I want to use regex and get something like this:

[0] = __cfduid=d2eec71493b48565be764ad44a52a7b191399561601015
[1] = expires=Mon, 23-Dec-2019 23:50:00 GMT
[2] = path=/
[3] = domain=.planetminecraft.com
[4] = HttpOnly

I tried this regex:

[\A|;](.*?)[\Z|;]

I don't understand why \\A . works but [\\A] not, how can I create ( \\A or ; )?

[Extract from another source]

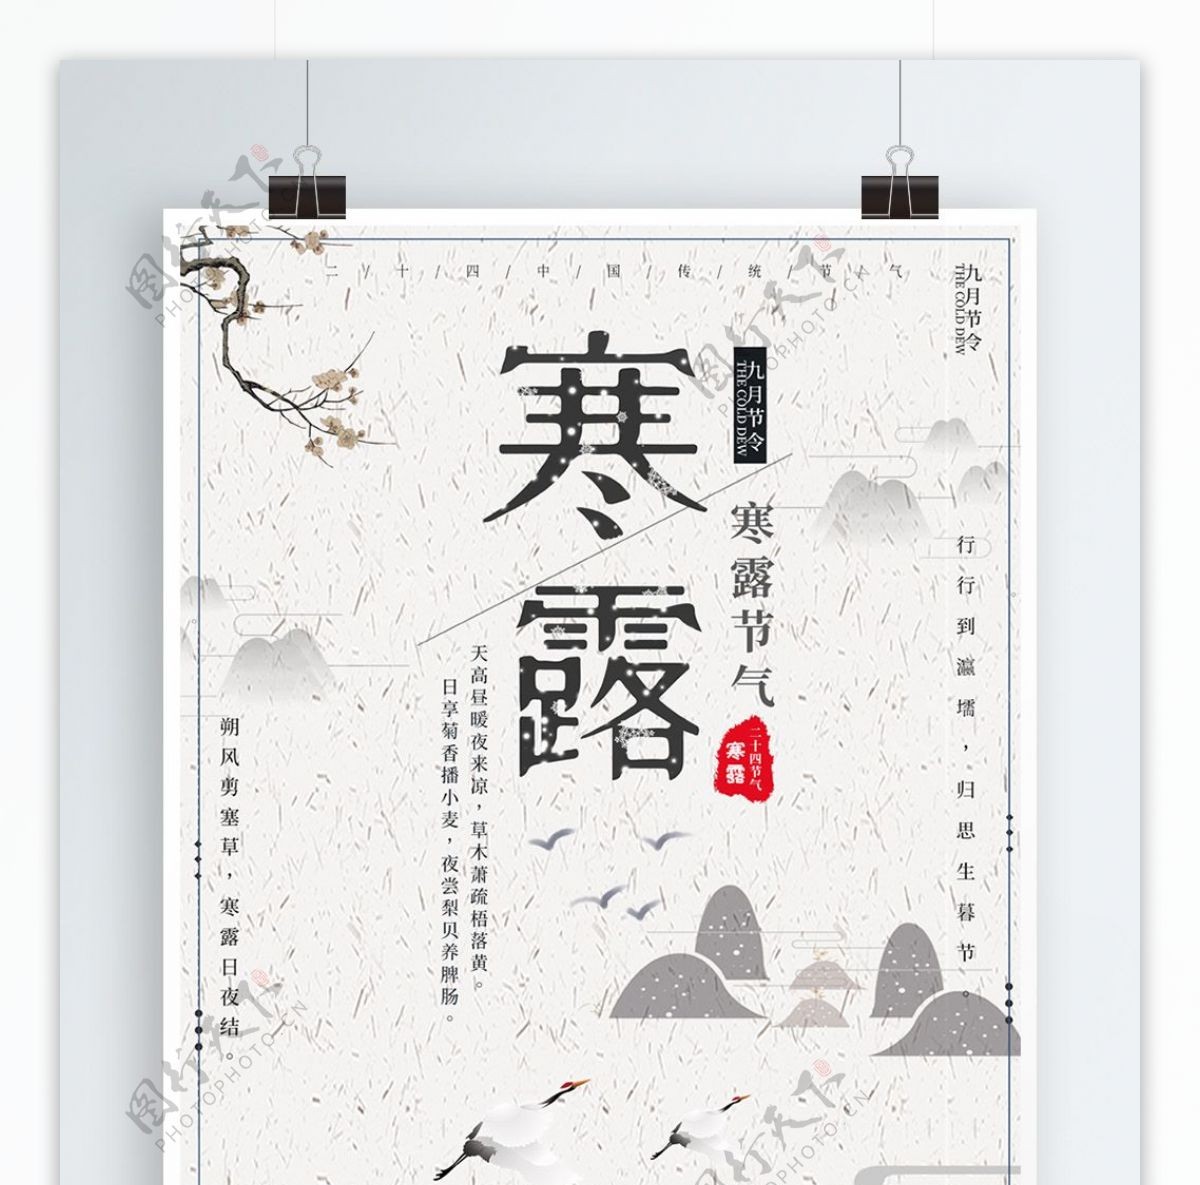 平面中国风简洁清新创意寒露节气宣传海报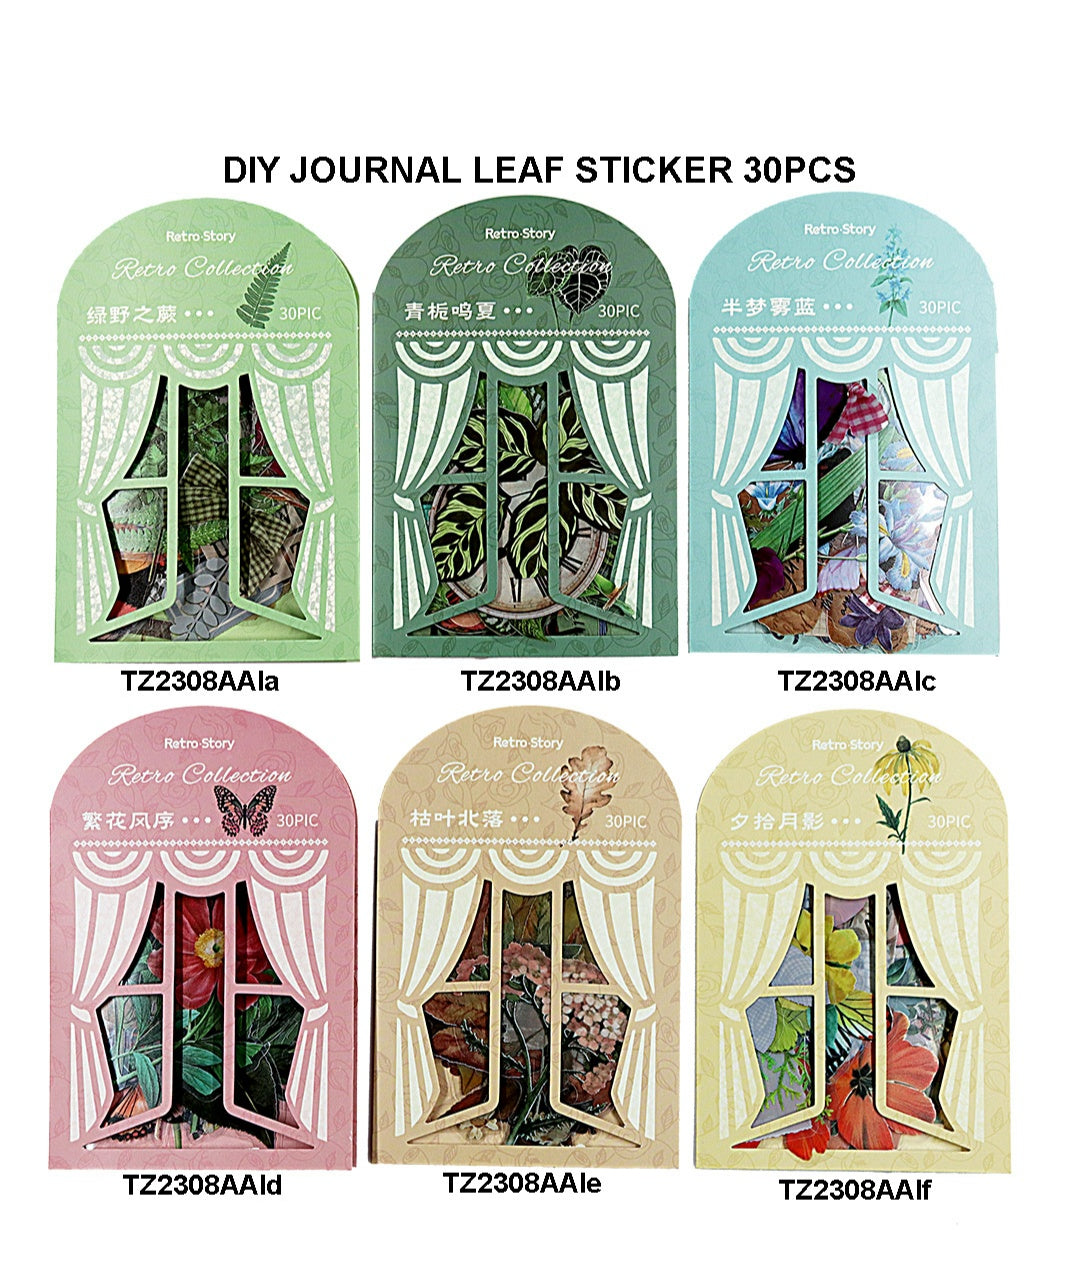 Diy Journal Leaf Sticker 30Pcs 212 Tz2308Aai | INKARTO

In final form of this regex I want to get from string this:

[0] = {
    [0] = __cfduid
    [1] = d2eec71493b48565be764ad44a52a7b191399561601015
}
[1] = {
    [0] = expires
    [1] = Mon, 23-Dec-2019 23:50:00 GMT
}
[2] = {
    [0] = path
    [1] = /
}
[3] = {
    [0] = domain
    [1] = .planetminecraft.com
}
[4] = {
    [0] = HttpOnly
}

Answer 1

Square brackets create a character class ; you need parentheses for grouping, preferably non- capturing groups . And you need to use a positive lookahead assertion instead of the second group since each semicolon can only match once:

(?:\A|;)(.*?)(?=\Z|;)

That still doesn't get you your parameter/value pairs, so you might want to be more specific:

(?:\A|;\s*)([^=]*)(?:=([^;]*))?(?=\Z|;)

( [^=]* matches any number of characters except = .)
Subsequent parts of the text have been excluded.